Der Bund hat von Seiten der Eidgenössischen Steuerverwaltung im Wesentlichen mit recht detaillierten Verfahrenshinweisen und einer Abschätzung der steuerlichen Auswirkungen der Annahme der Beschlussvorlage vom 28. September geantwortet (siehe «Aktualisierte Schätzung zu den Aufkommenswirkungen des Bundesgesetzes über den Systemwechsel bei der Wohneigentumsbesteuerung, Umsetzung der Pa.Iv. 17.400 auf www.estv.admin.ch).

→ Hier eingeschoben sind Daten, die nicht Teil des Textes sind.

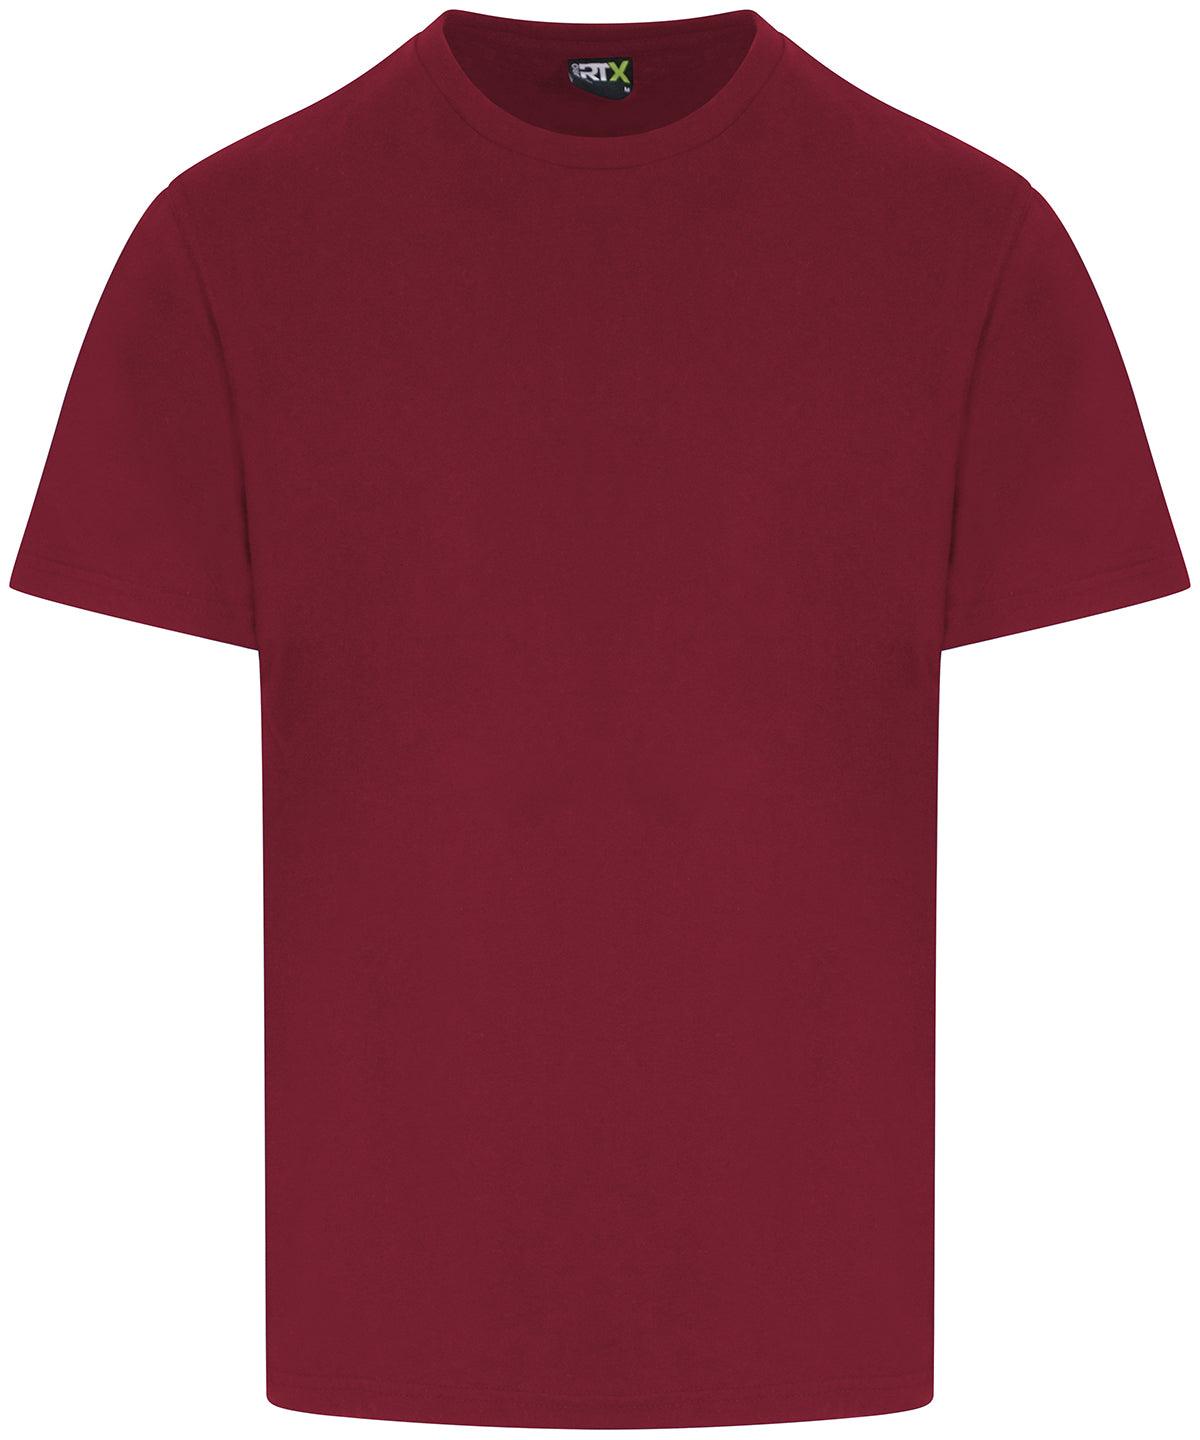 Burgundy - Pro t-shirt T-Shirts ProRTX 2022 Spring Edit, Back to Business, Must Haves, New Colours for 2021, New Colours for 2023, New Sizes for 2021, Plus Sizes, T-Shirts & Vests, Workwear Schoolwear Centres
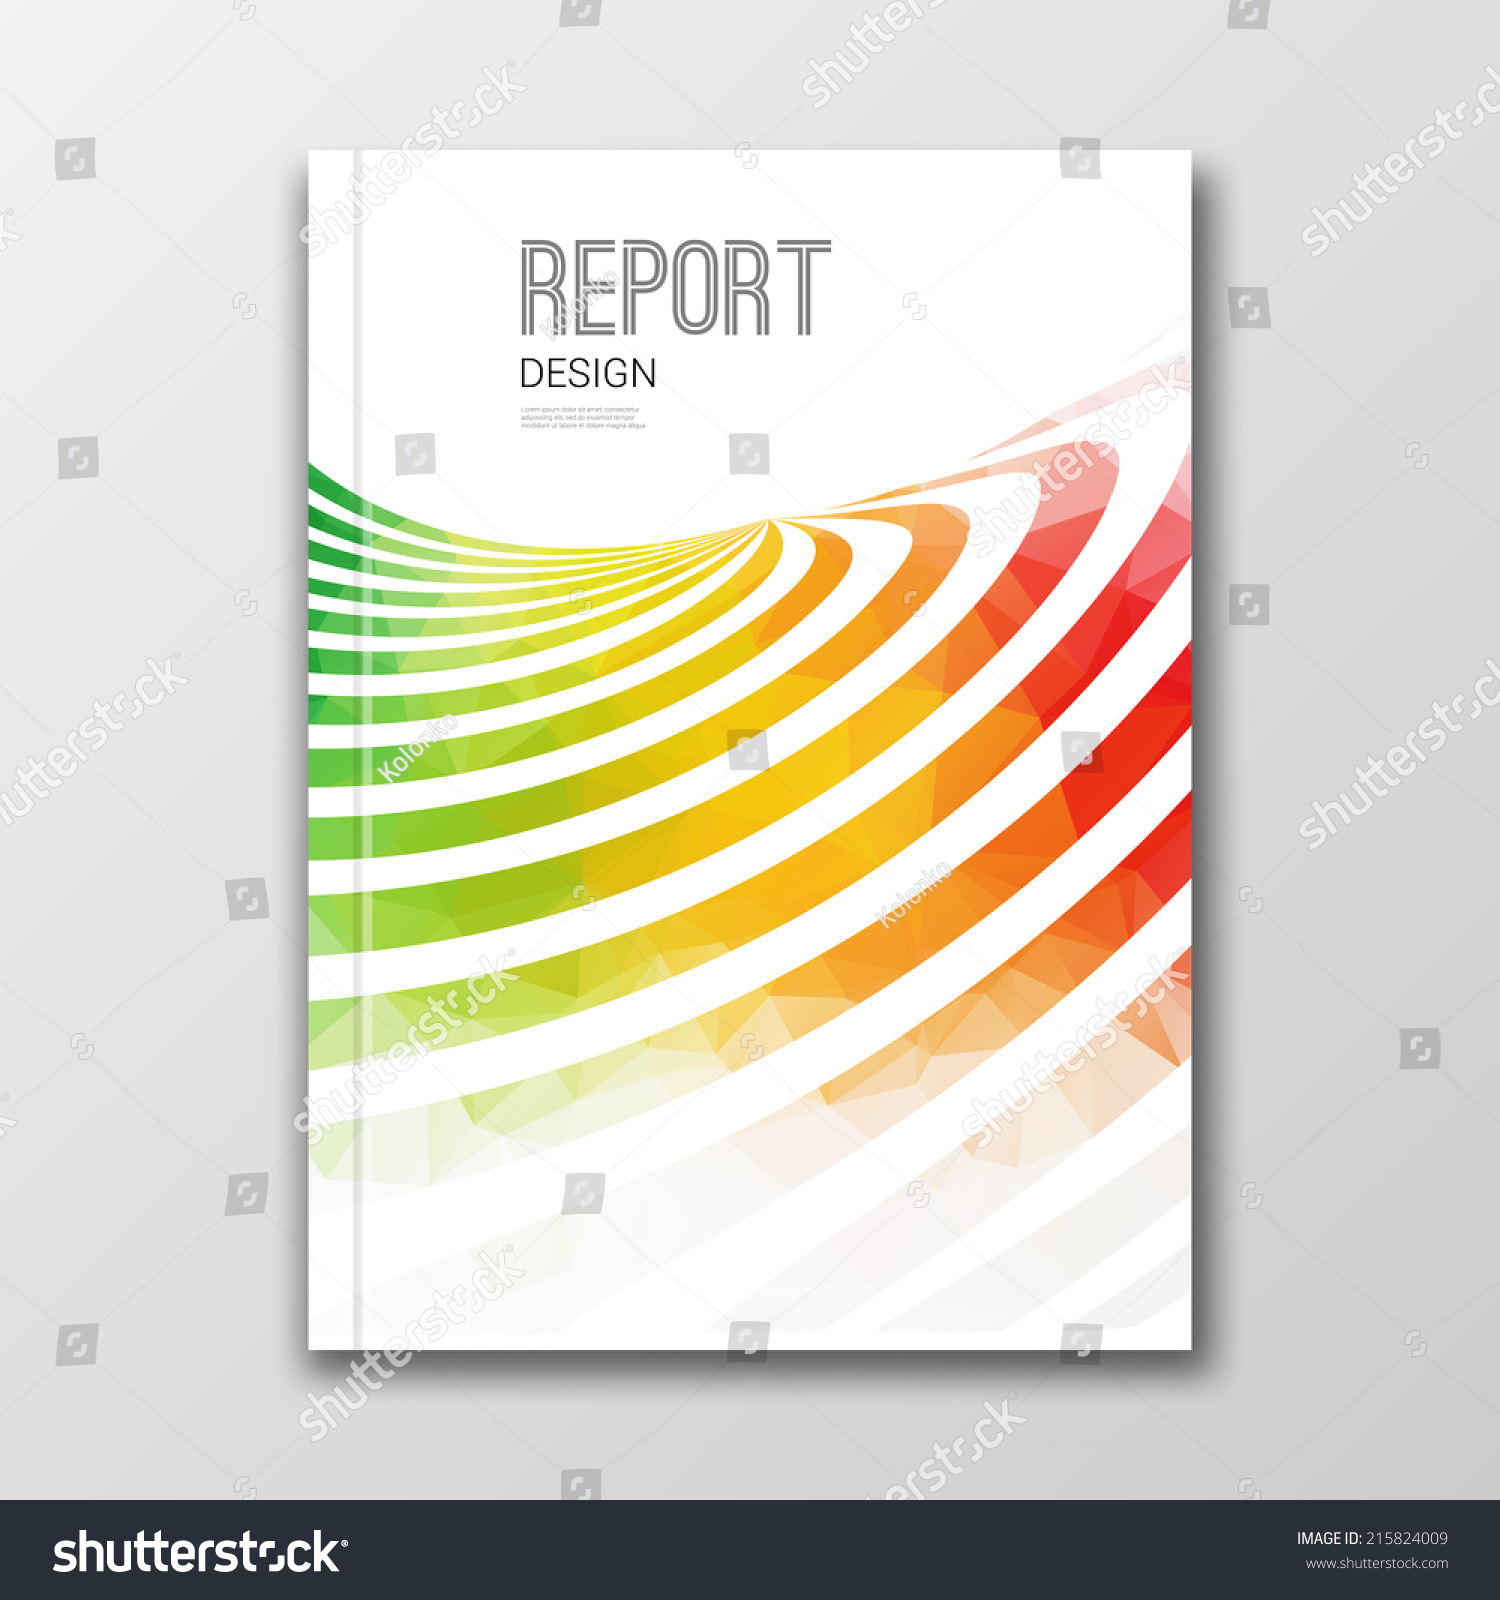 Layout of book report

Der Bundesrat unterstützt die Abstimmungsvorlage aus verschiedenen Blickwinkeln. Offensichtlich ist aber auch, dass einerseits bei Annahme der Vorlage ein in den Konsequenzen noch nicht ganz klarer Vorschlag umgesetzt werden muss. Die Chance besteht jedoch, dass es – nach Jahrzehnten der jetzigen Wohneigentumsbesteuerung – zu einem Systemwechsel kommt. Und es ist auch offensichtlich, dass es bei Ablehnung der zur Abstimmung stehenden Vorlage auf lange Sicht vermutlich an dieser Stelle keinen solchen Systemwechsel im Schweizer Steuersystem geben wird. Nun bleibt am 28. September die Frage: Was sagt das Schweizer Stimmvolk?